• **Task details**
Write out again, word for word, the lines below from the line that holds "by Picnic Time" through the line that holds "Since early March, the", omitting pictures.

─── Data below ───

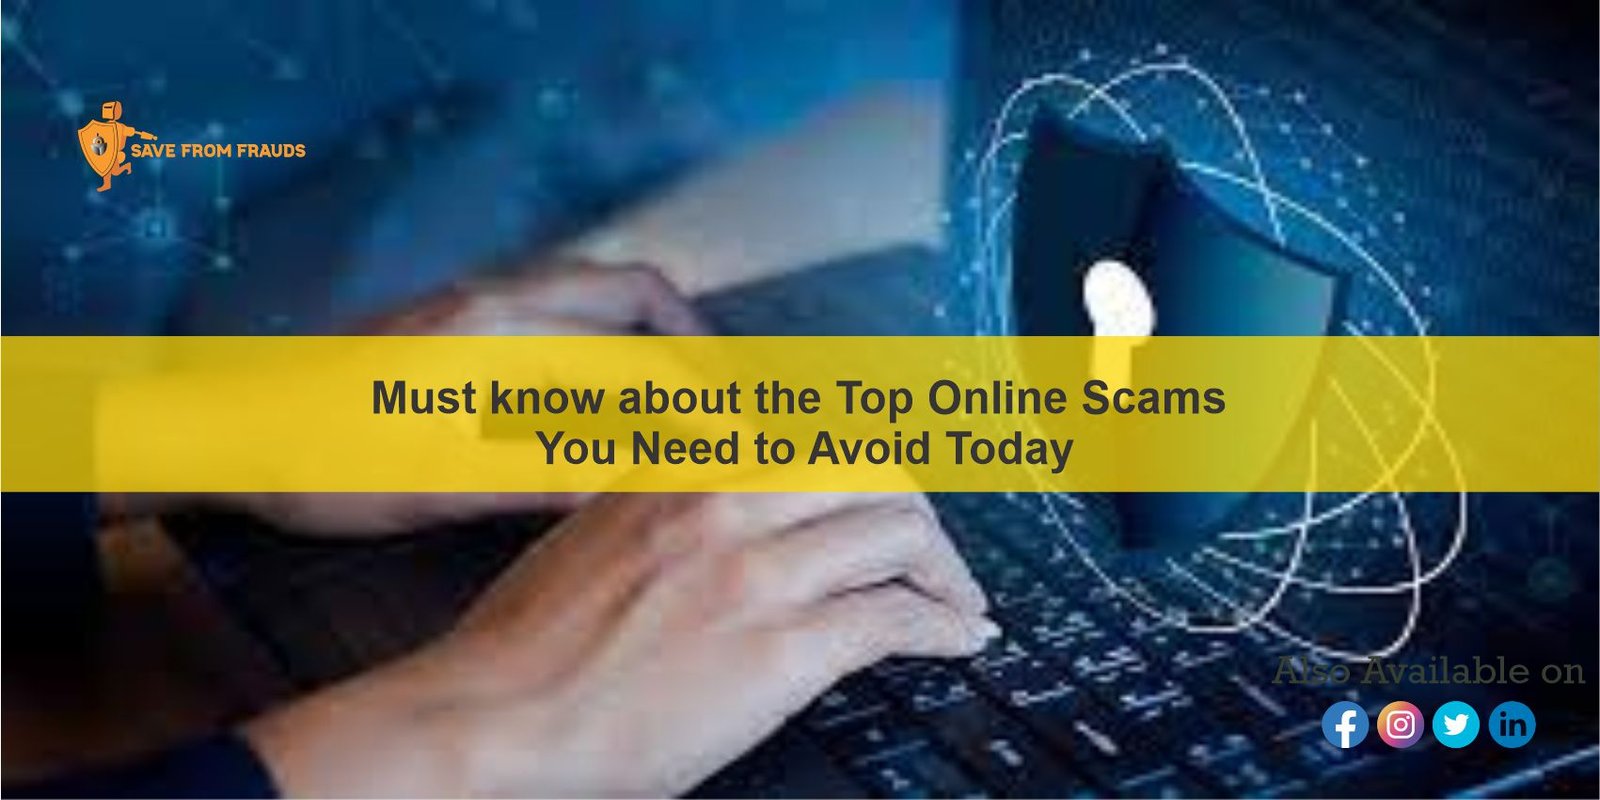 Top Online Scams You Need to Avoid Today
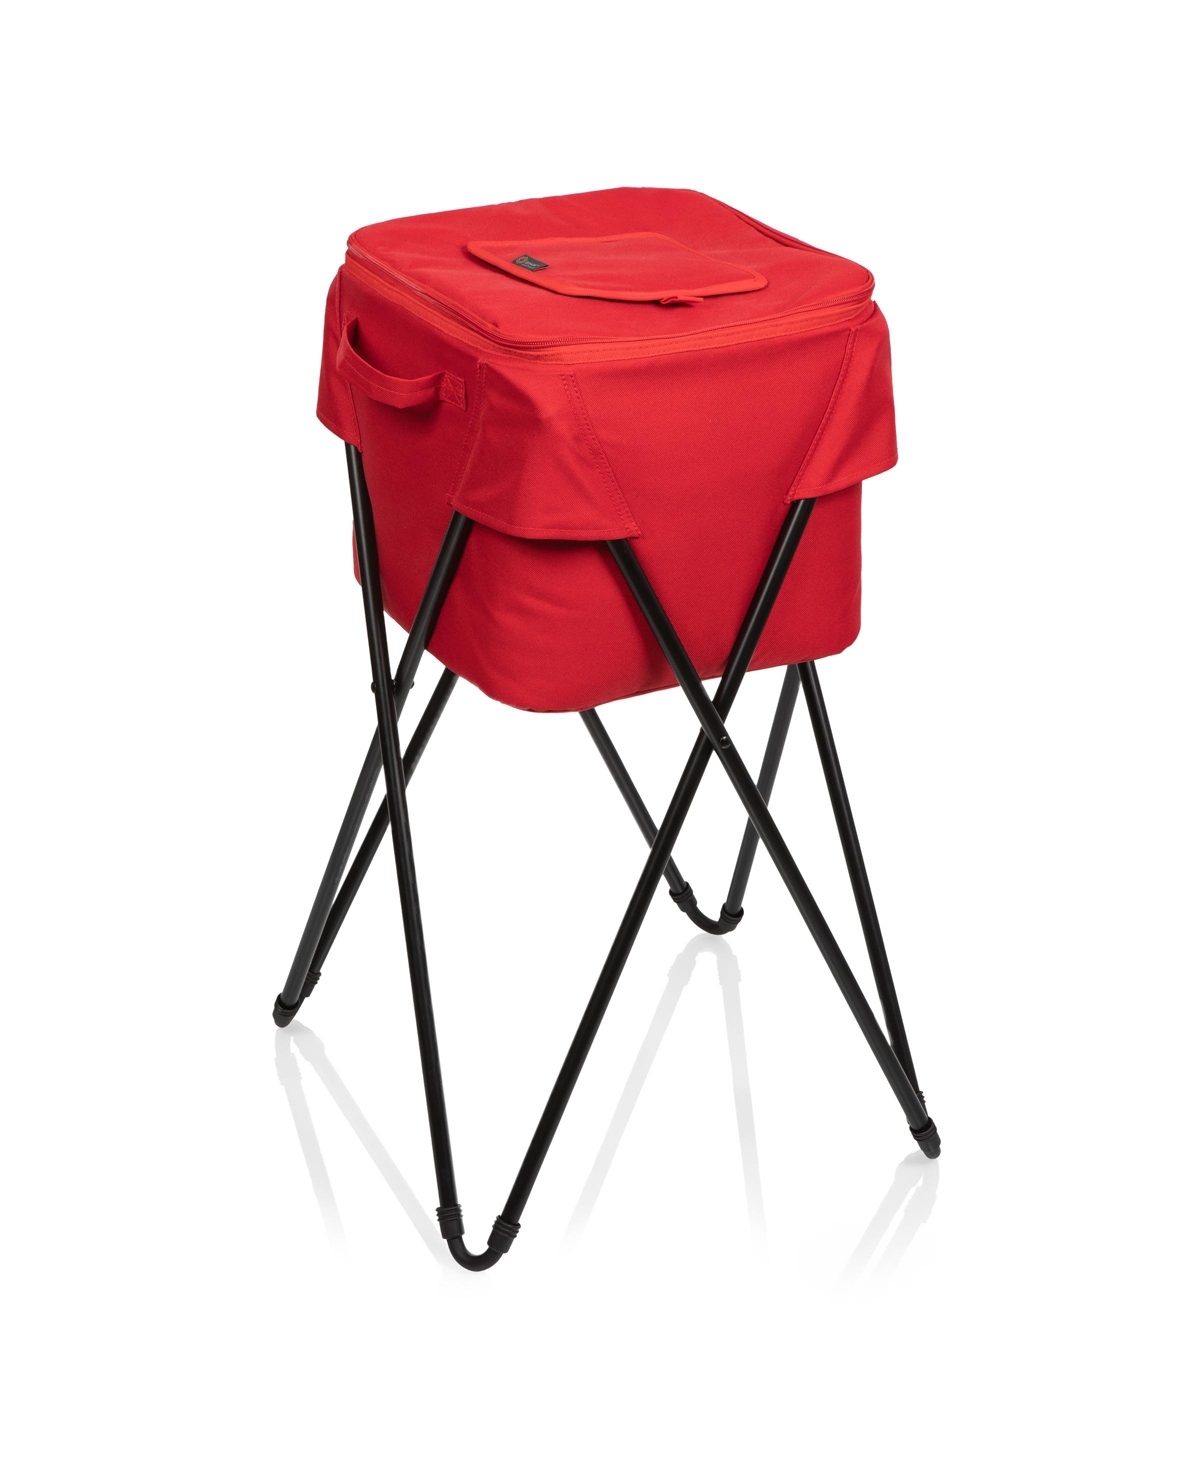 by Picnic Time Camping Party Cooler with Stand - Red
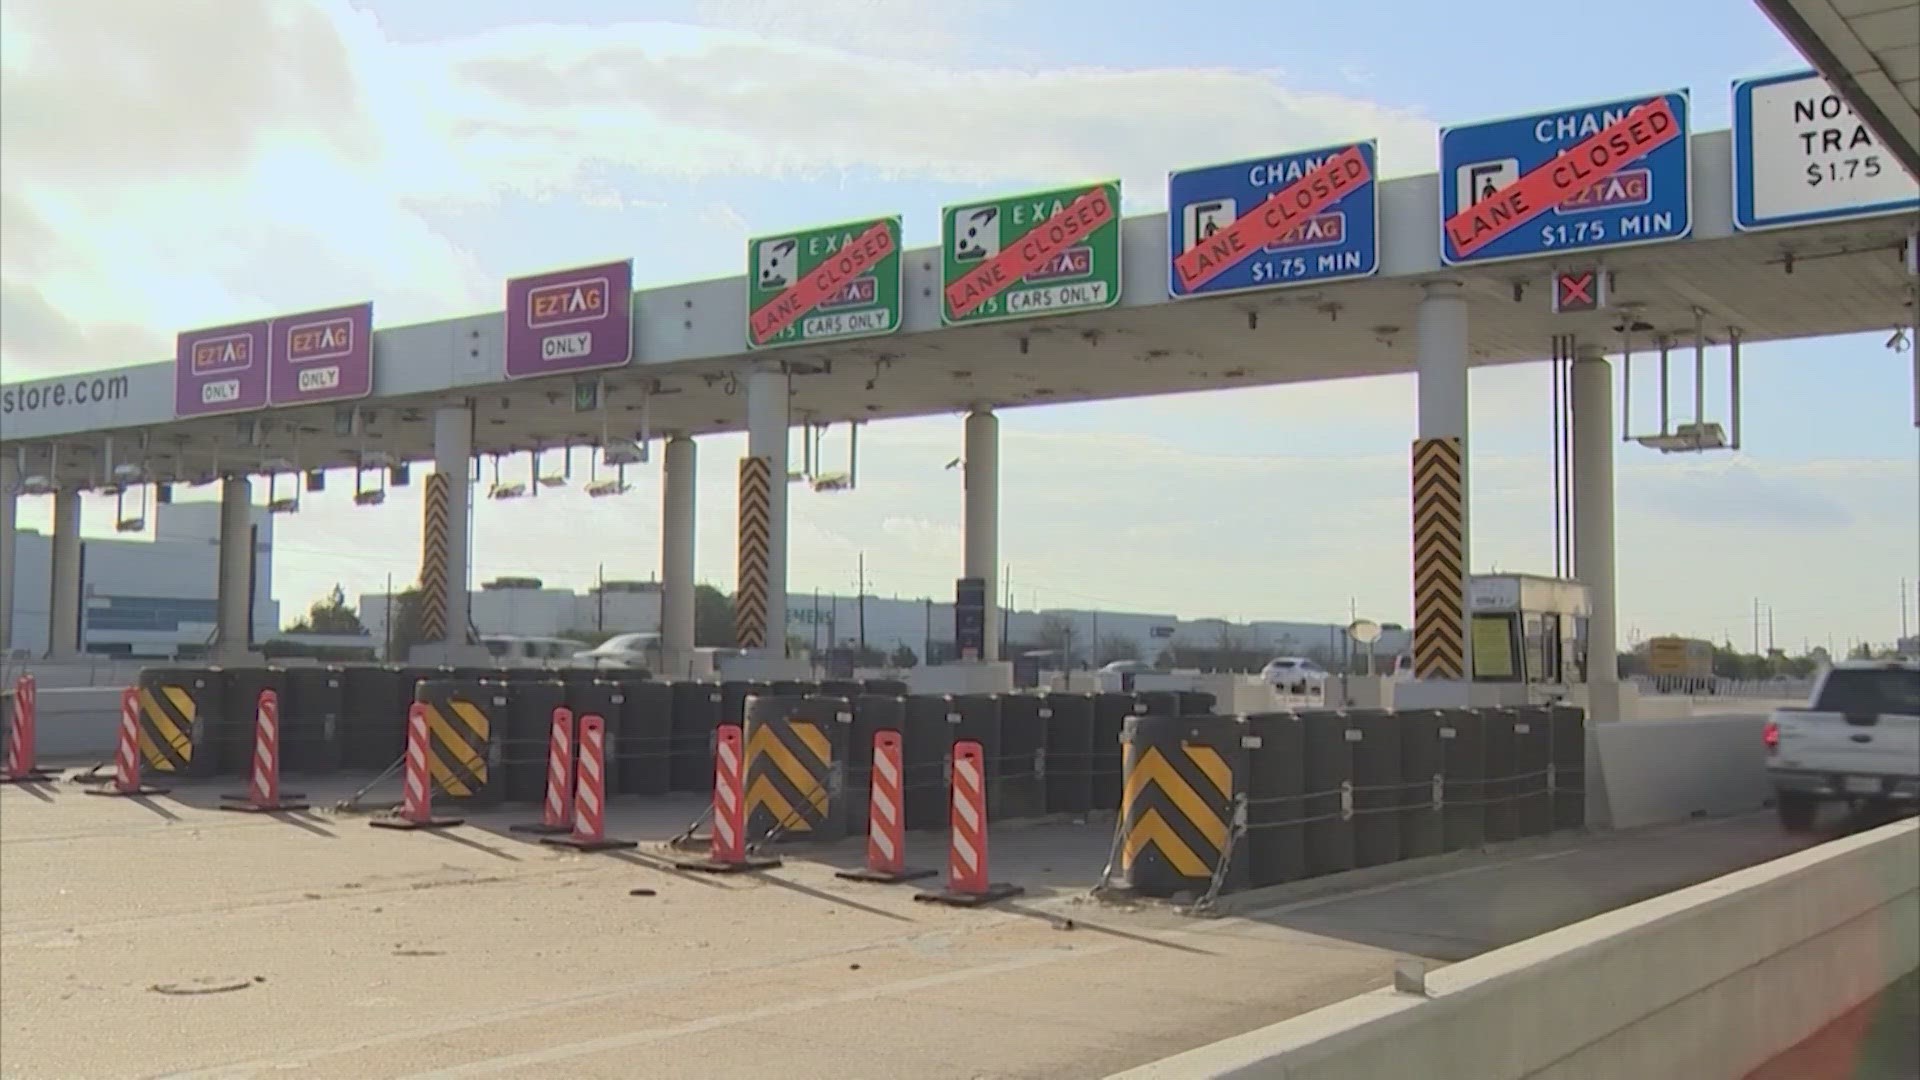 Since early March, the FBI said it has received more than 2,000 complaints of smishing texts that appear to represent toll collection services.
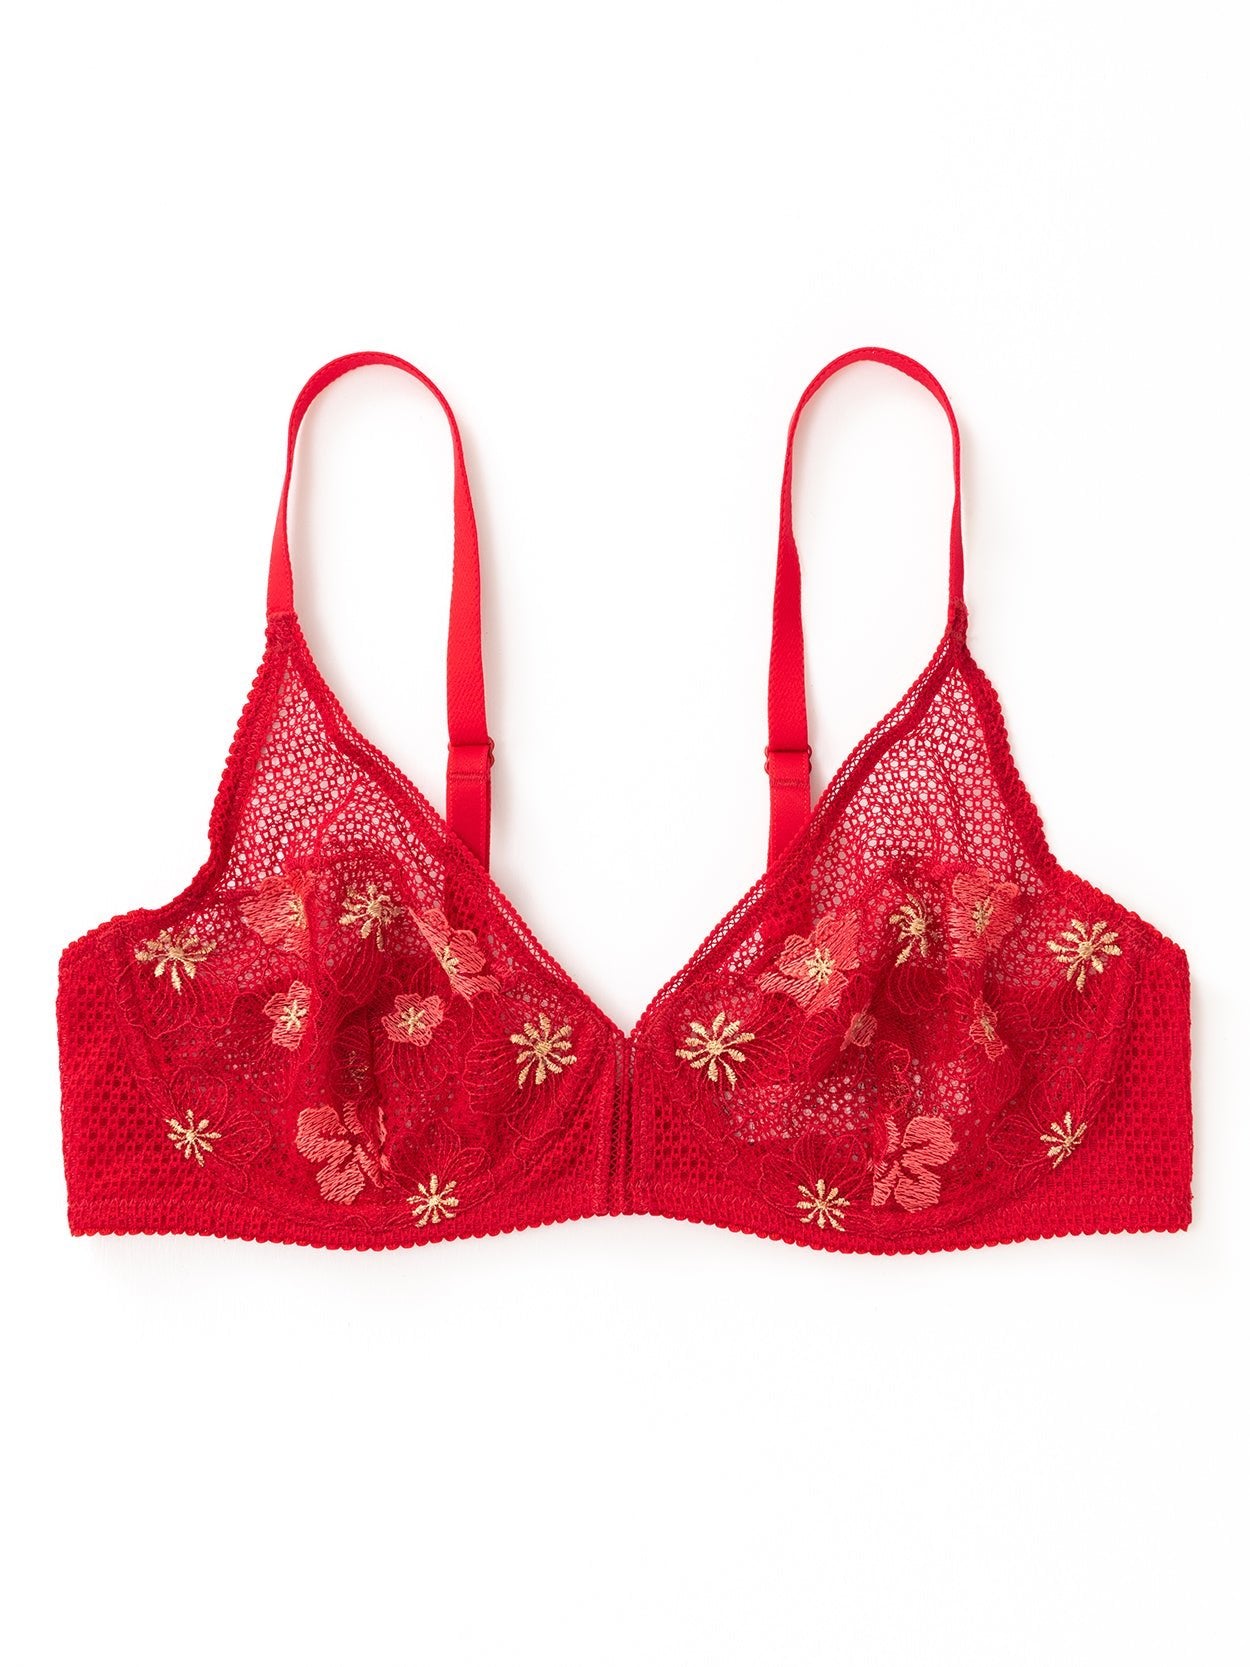 Secrets In Lace Sale, Vogue's Secret Women's Sexy Sheer Mesh See Through  Bra Non Padded Unlined Lace Bralette Underwire Bras - red - 42D.

───

• **Solution for this task**
 by Picnic Time Camping Party Cooler with Stand - Red
 Since early March, the FBI said it has received more than 2,000 complaints of smishing texts that appear to represent toll collection services.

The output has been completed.